----- DATA -----

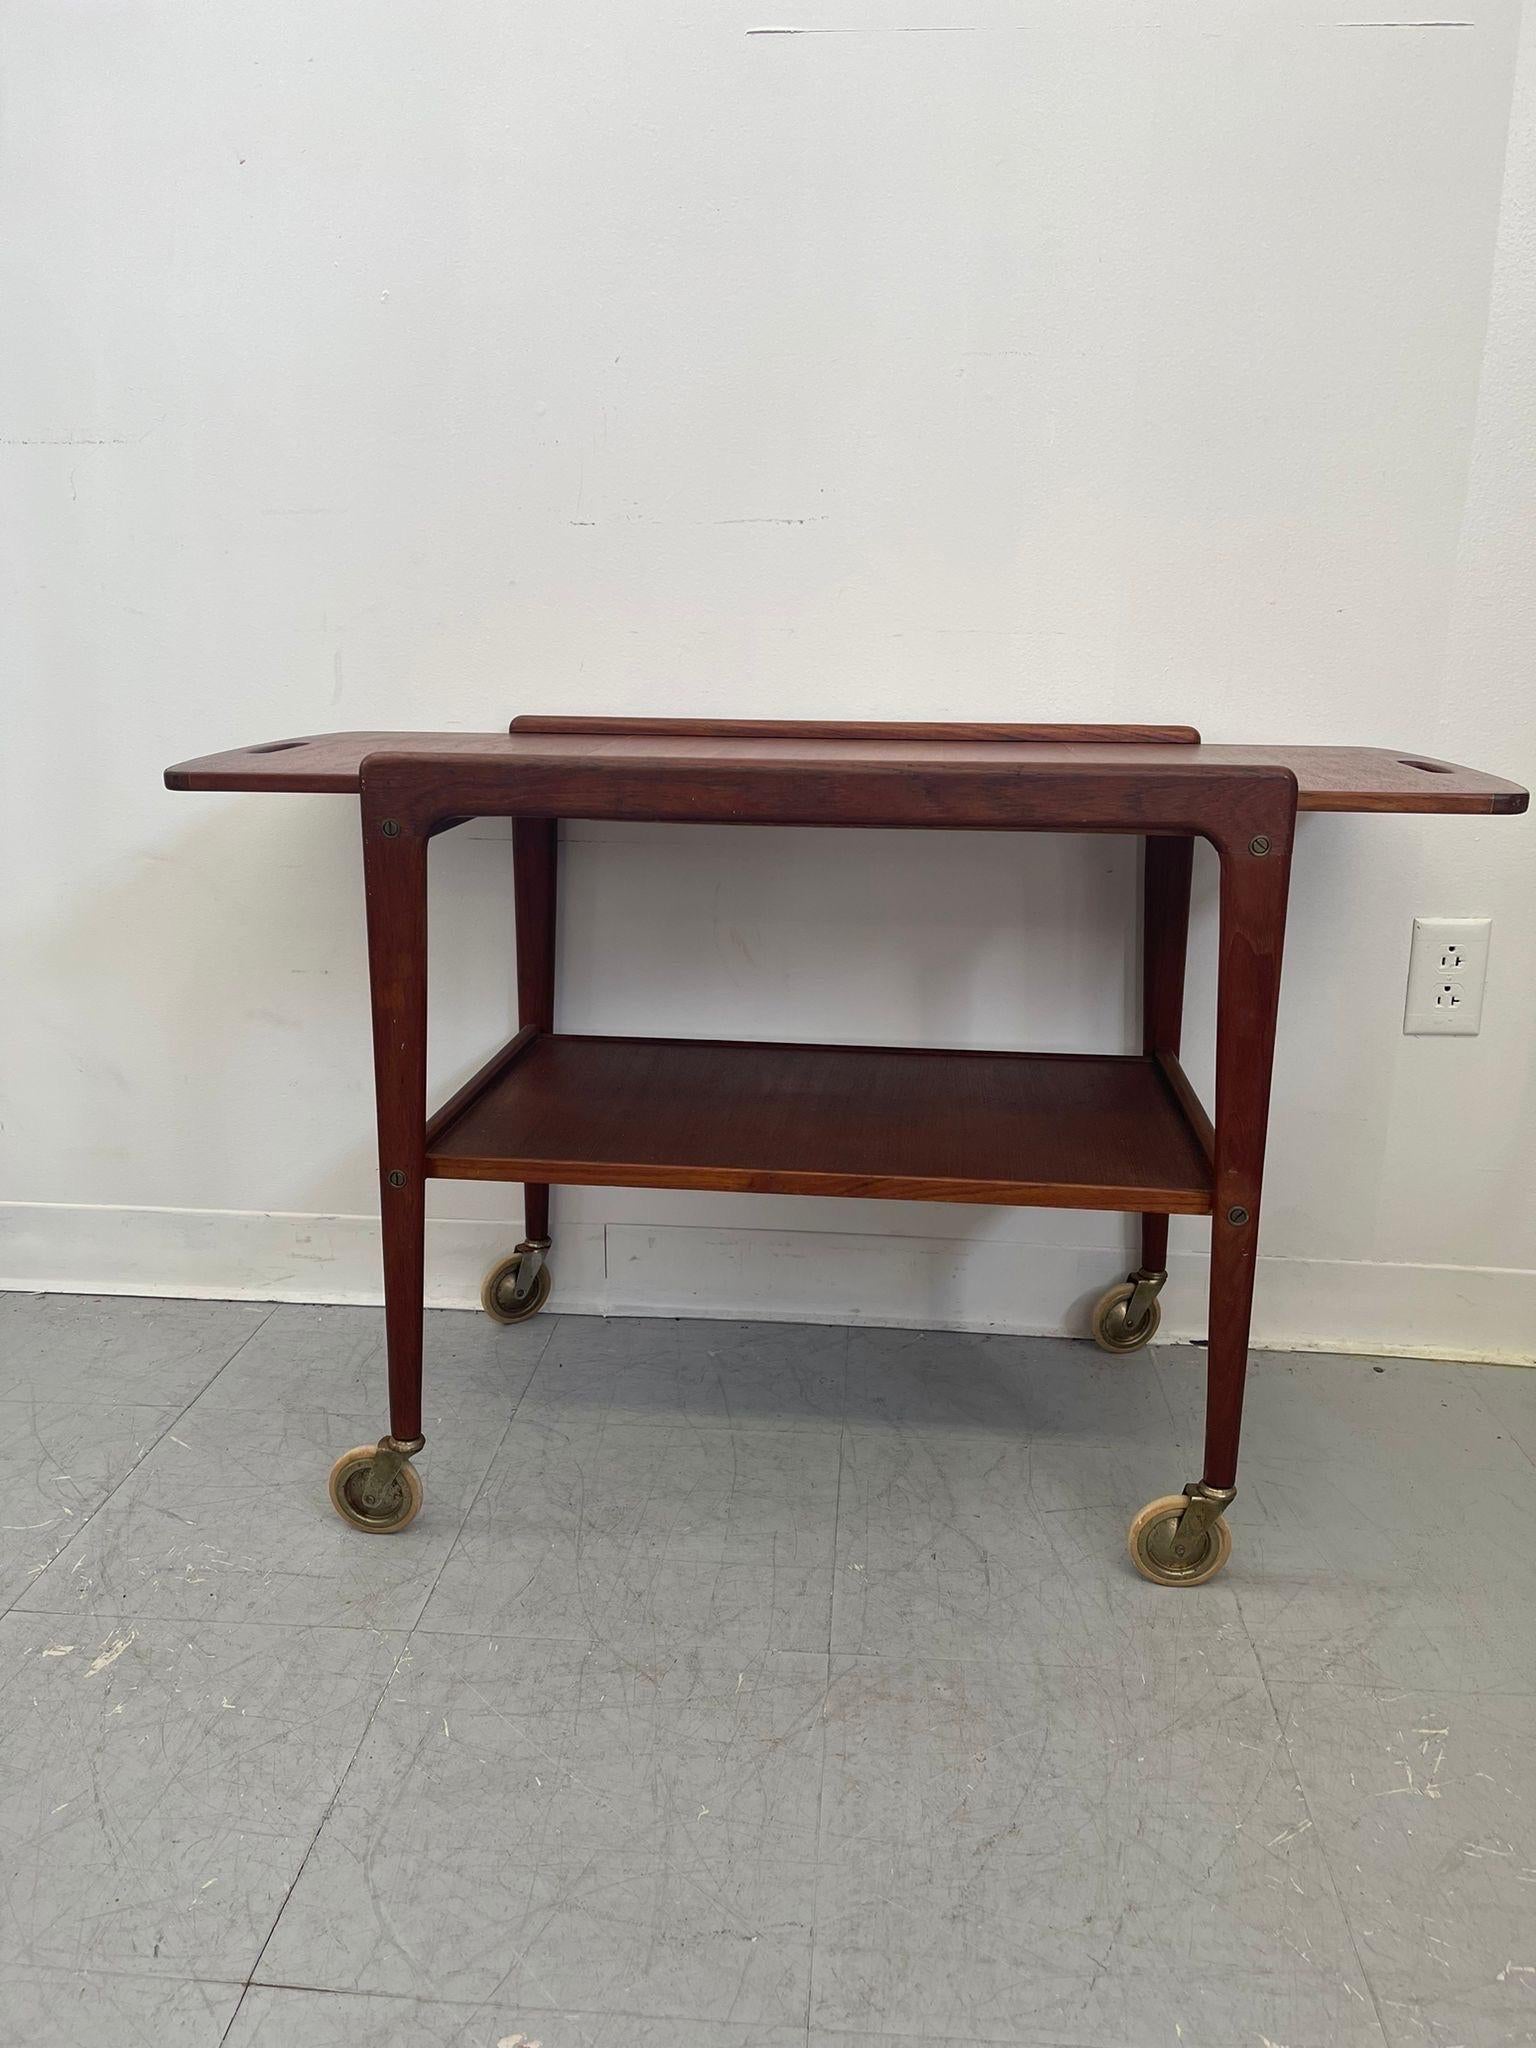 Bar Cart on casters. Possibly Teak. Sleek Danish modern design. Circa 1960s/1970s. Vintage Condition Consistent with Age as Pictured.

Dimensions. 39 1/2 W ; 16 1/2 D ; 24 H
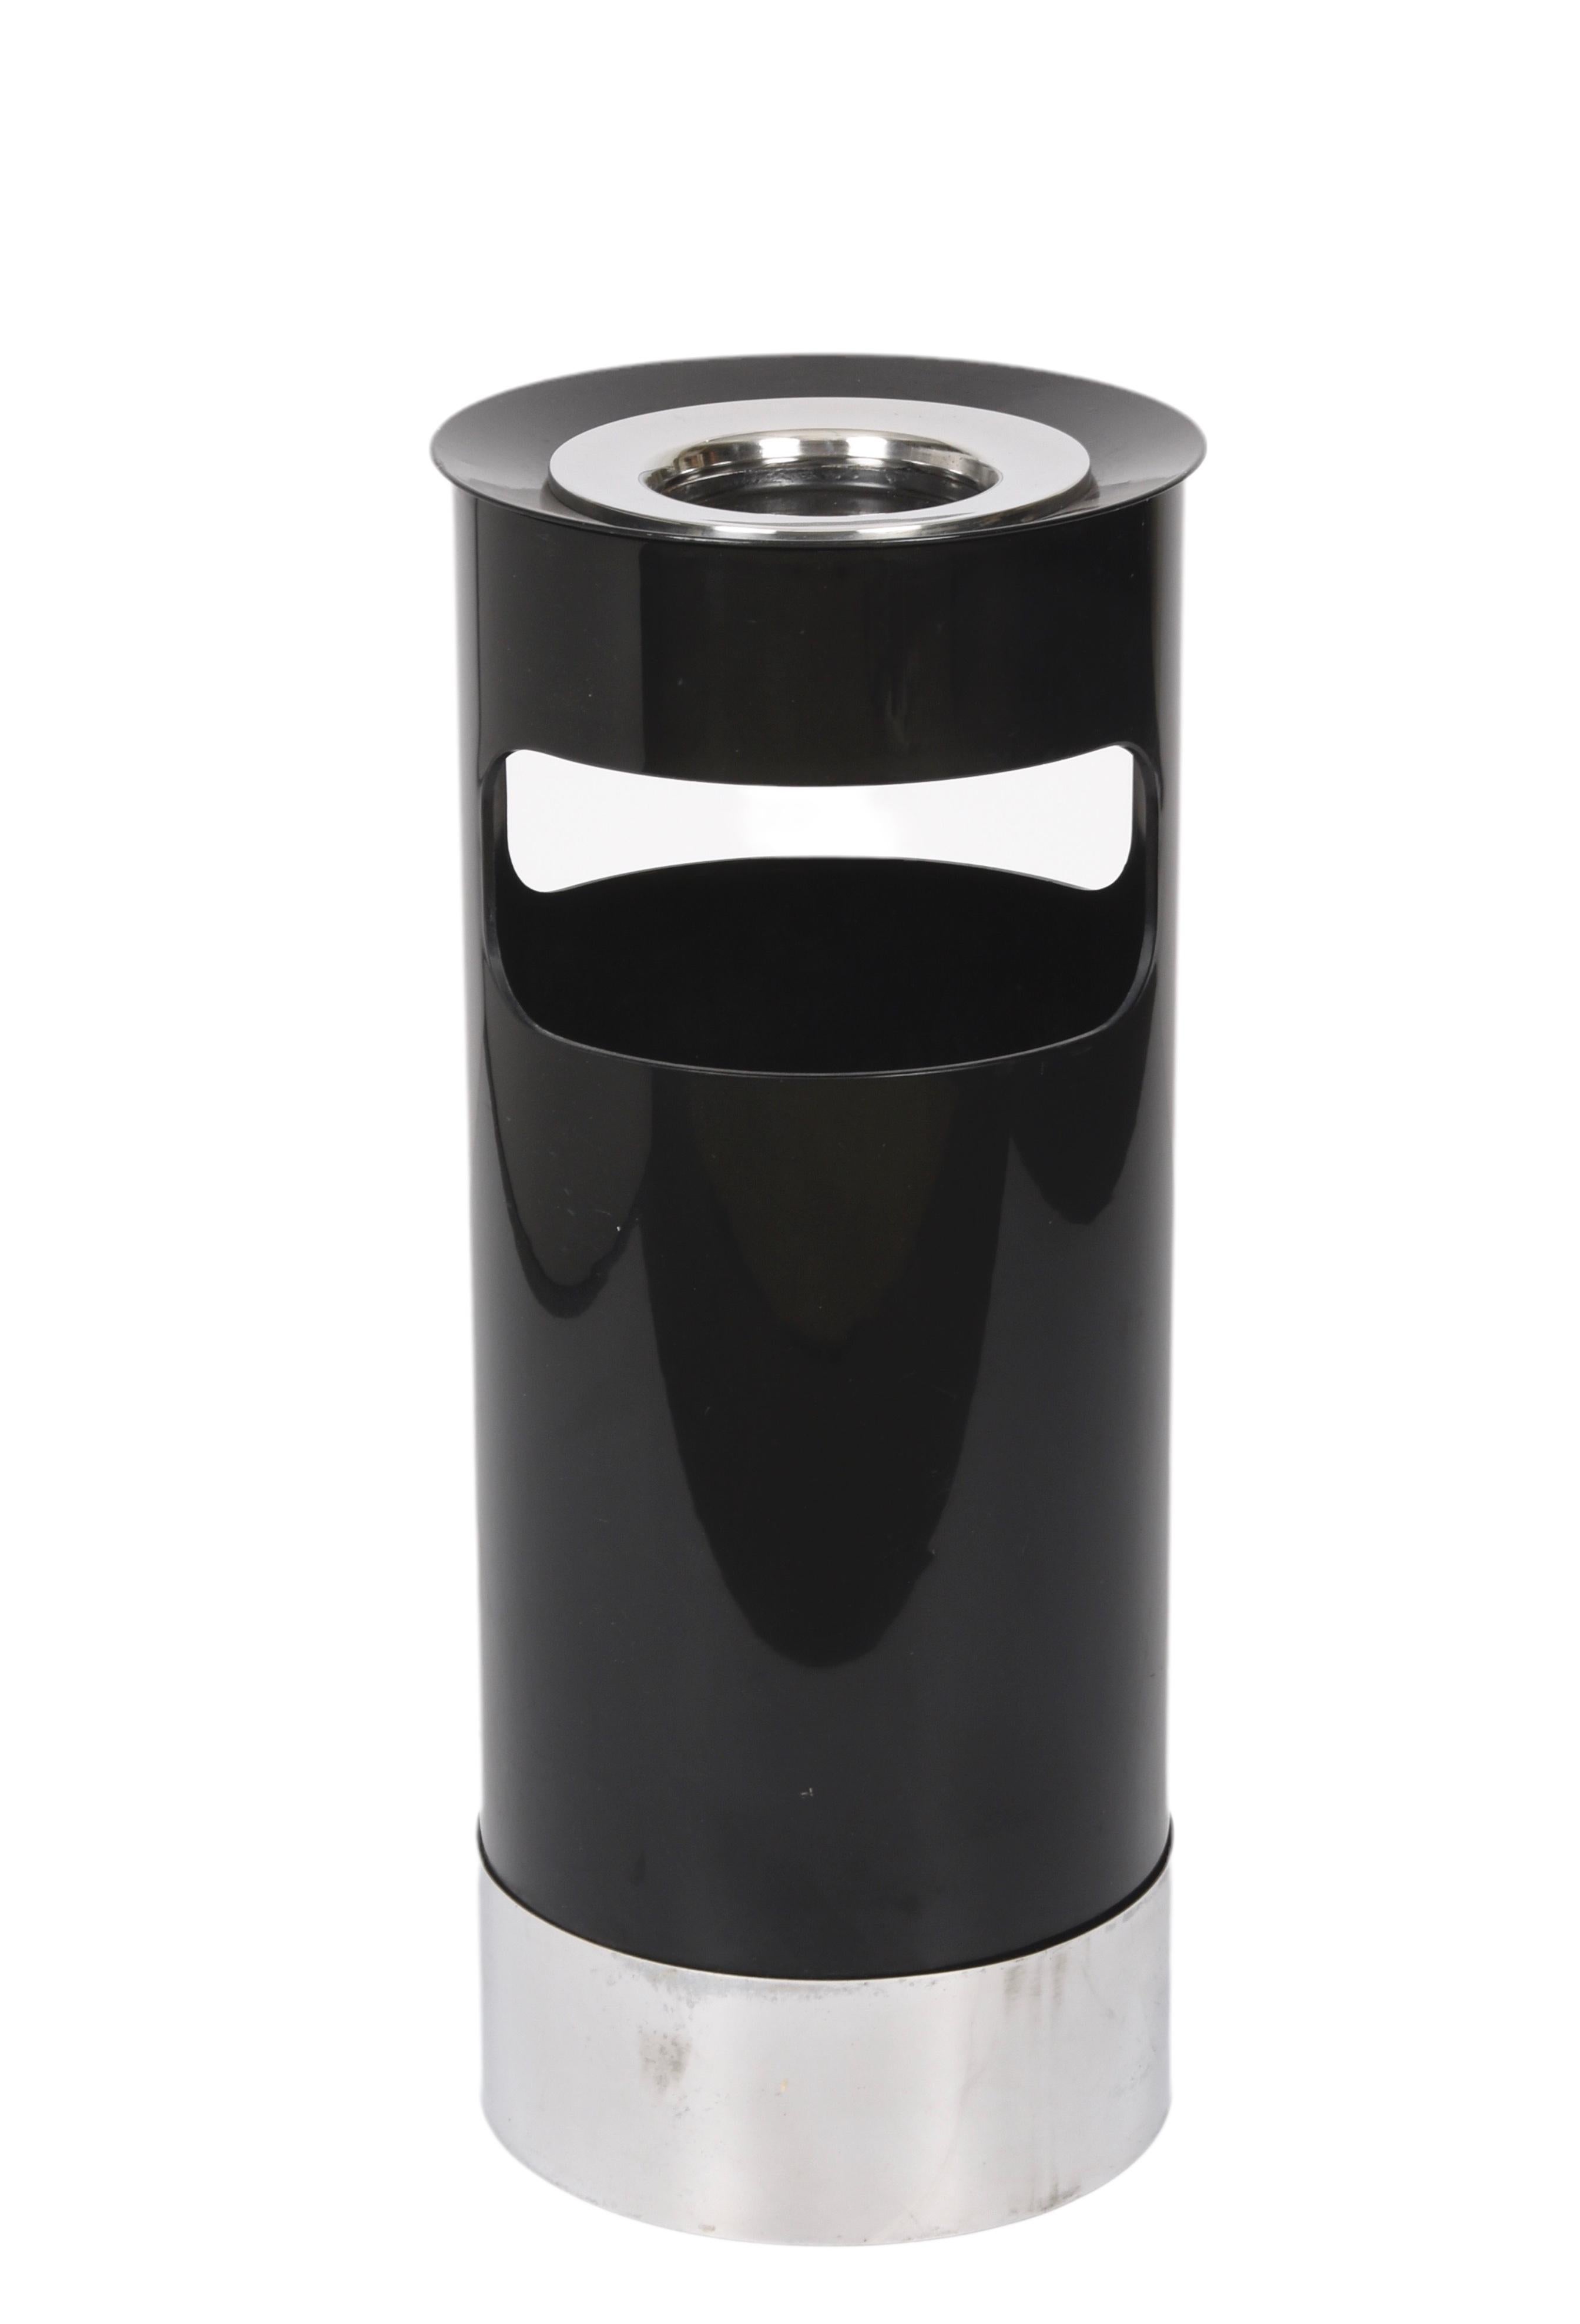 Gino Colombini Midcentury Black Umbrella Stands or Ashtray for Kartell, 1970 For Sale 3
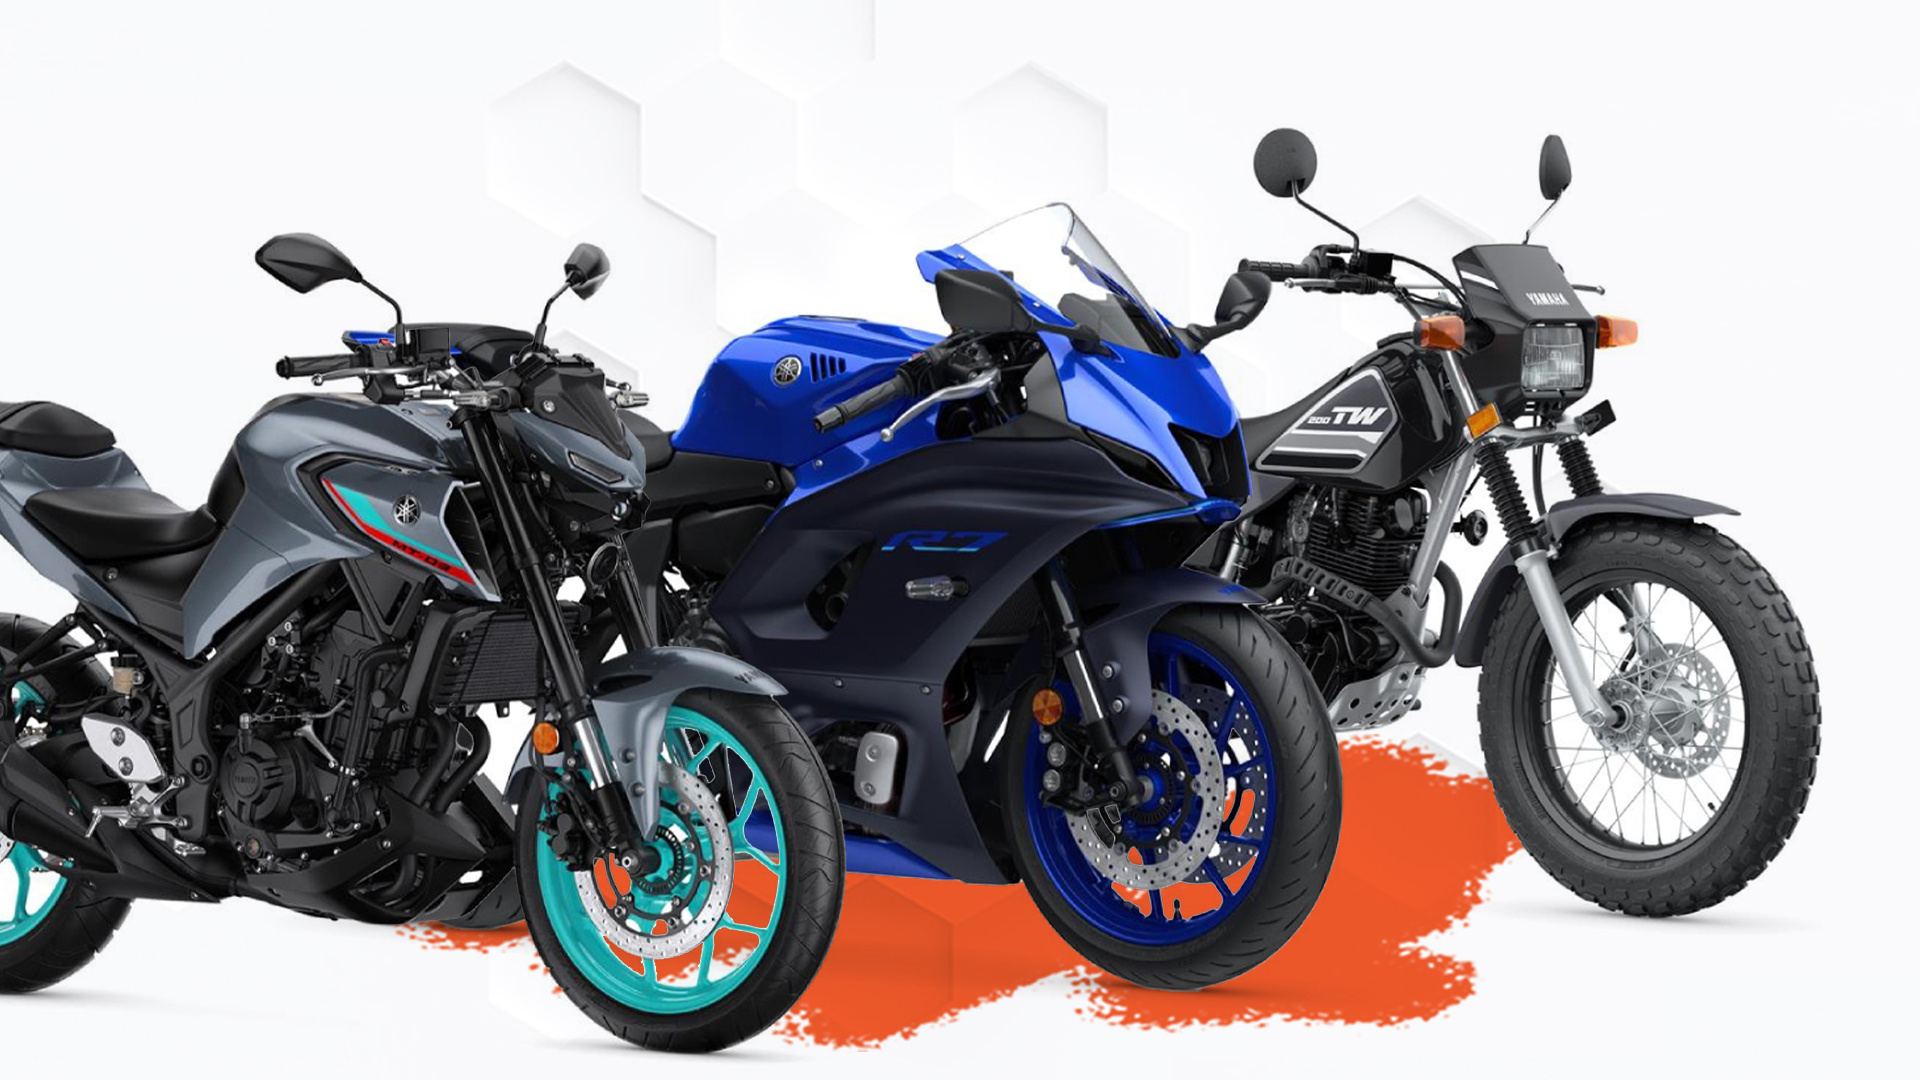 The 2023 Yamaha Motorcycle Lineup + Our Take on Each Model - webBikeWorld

-----

PROBLEM TO SOLVE: Write out the lines from the start of the material to the line with "Gino Colombini Midcentury", inclusive and exactly. Skip the pictures.

TASK RESULT:
 Bar Cart on casters. Possibly Teak. Sleek Danish modern design. Circa 1960s/1970s. Vintage Condition Consistent with Age as Pictured.

Dimensions. 39 1/2 W ; 16 1/2 D ; 24 H
 Gino Colombini Midcentury Black Umbrella Stands or Ashtray for Kartell, 1970 For Sale 3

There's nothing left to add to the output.